Levando-se em consideração os aspectos modernistas presentes no poema, é incorreto afirmar que
apresenta

a) reaproveitamento do popular e do coloquial, a partir de uma linguagem próxima à oralidade.


b) concepção do texto poético como discurso que oferece multiplicidade de sentidos e interpretações.
c) depreciação do mundo rural e primitivo, distante do progresso industrial.
d) uso do corte brusco e da fragmentação de ideias para promover humor irônico.
e) interesse poético pelo homem comum e pela vida cotidiana.

3. (FUVEST)

I
O sobrevivente

Há máquinas terrivelmente complicadas para as necessidades mais simples.

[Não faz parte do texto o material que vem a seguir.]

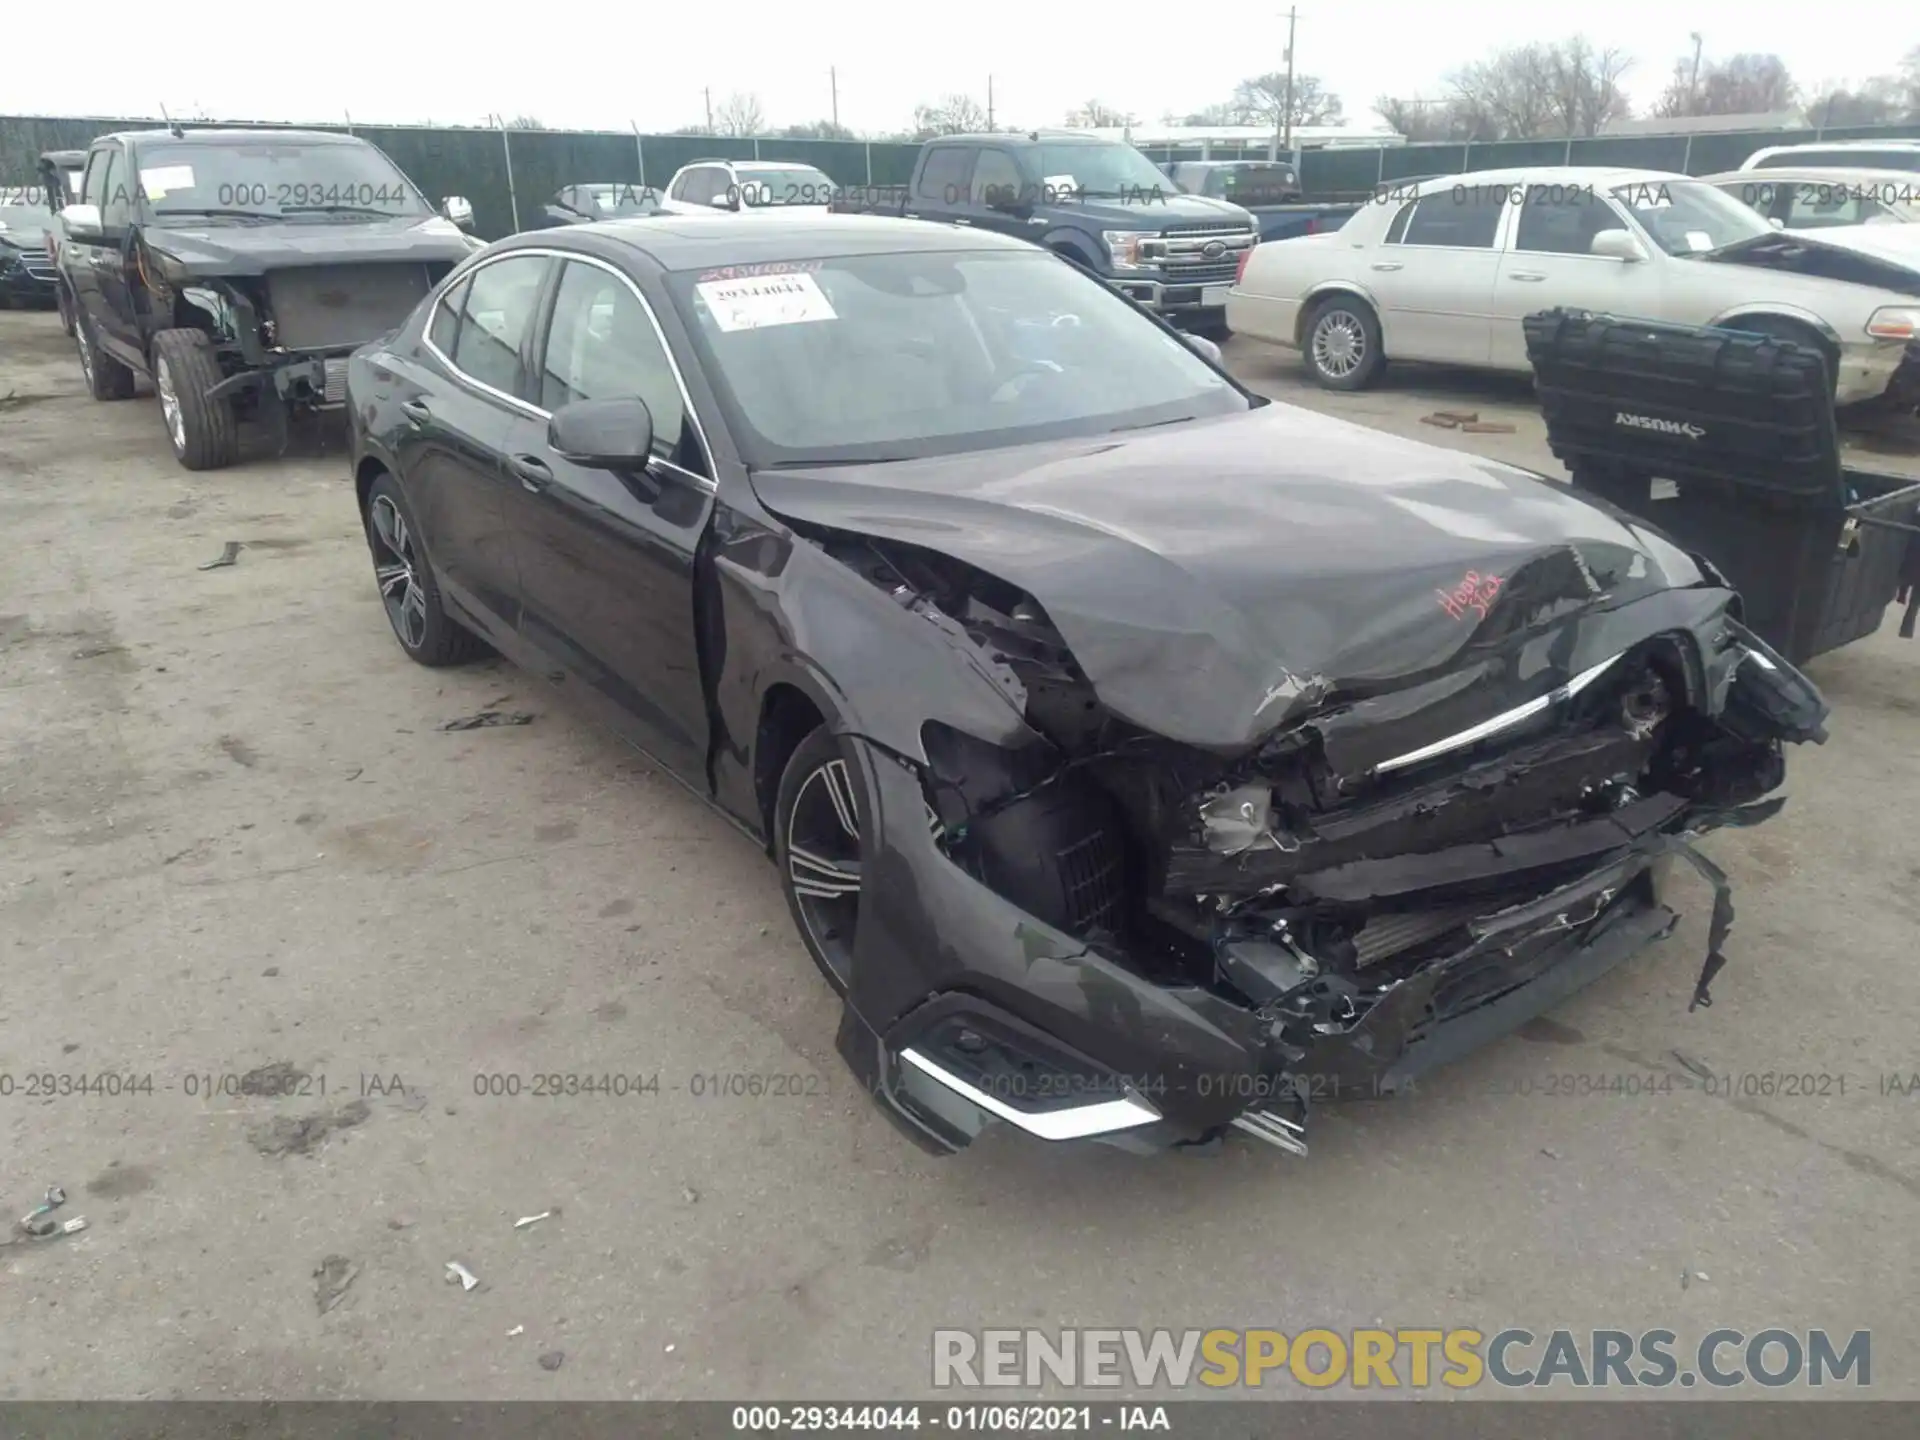 1 Photograph of a damaged car 7JRA22TL2MG081677 VOLVO S60 2021

Se quer fumar um charuto aperte um botão.
Paletós abotoam-se por eletricidade.
Amor se faz pelo sem-fio.
Não precisa estômago para digestão.
[…]

II
Cota zero

Stop.
A vida parou.
Ou foi o automóvel?

Sobre esses versos, extraídos de Alguma Poesia, pode-se dizer que:

a) Os dois textos podem ser aproximados quanto ao tema (mecanização do cotidiano); entretanto,
enquanto o primeiro apresenta uma visão crítica sobre o tema, o segundo faz uma apologia bem-
humorada do progresso urbano.
b) Os textos assemelham-se não apenas quanto ao tema (automatização da vida humana), mas também
quanto à linguagem: ambos apresentam a brevidade e a descontinuidade sintática características de
Alguma Poesia.
c) A crítica à mecanização excessiva que caracteriza a vida moderna evidencia-se, no texto I,
especialmente no emprego da antítese no primeiro verso, e, no texto II, no emprego do estrangeirismo,
ou barbarismo (stop).
d) O texto II apresenta, através de uma linguagem marcada pela concisão telegráfica, a crítica presente
no texto I, uma vez que os termos zero, stop e parou indicam a total dependência da vida moderna em
relação às máquinas.
e) A máquina como assunto poético pode ser verificada nos dois textos, o que torna evidente a influência
exercida, sobre o autor, da vanguarda artística conhecida como futurismo.
4. (FUVEST)

Sweet Home

Quebra-luz, aconchego.
Teu braço morno me envolvendo.
A fumaça de meu cachimbo subindo.

Como estou bem nesta poltrona de humorista inglês.

O jornal conta histórias, mentiras...

Ora afinal! a vida é um bruto romance


e nós vivemos folhetins sem o saber.

Mas surge o imenso chá com torradas,


chá de minha burguesia contente.
Ó gozo de minha poltrona!
ó doçura de folhetim!
Ó bocejo de felicidade!

Carlos Drummond de Andrade. Alguma Poesia.

a) Por que a expressão em inglês Sweet home suscita, no título do poema, um teor de ironia?
b) Na circunstância do poema, os termos “bruto romance” e “folhetins”, como formas literárias,
representam diferentes visões de mundo, estabelecendo entre si um contraste simbólico. Comente.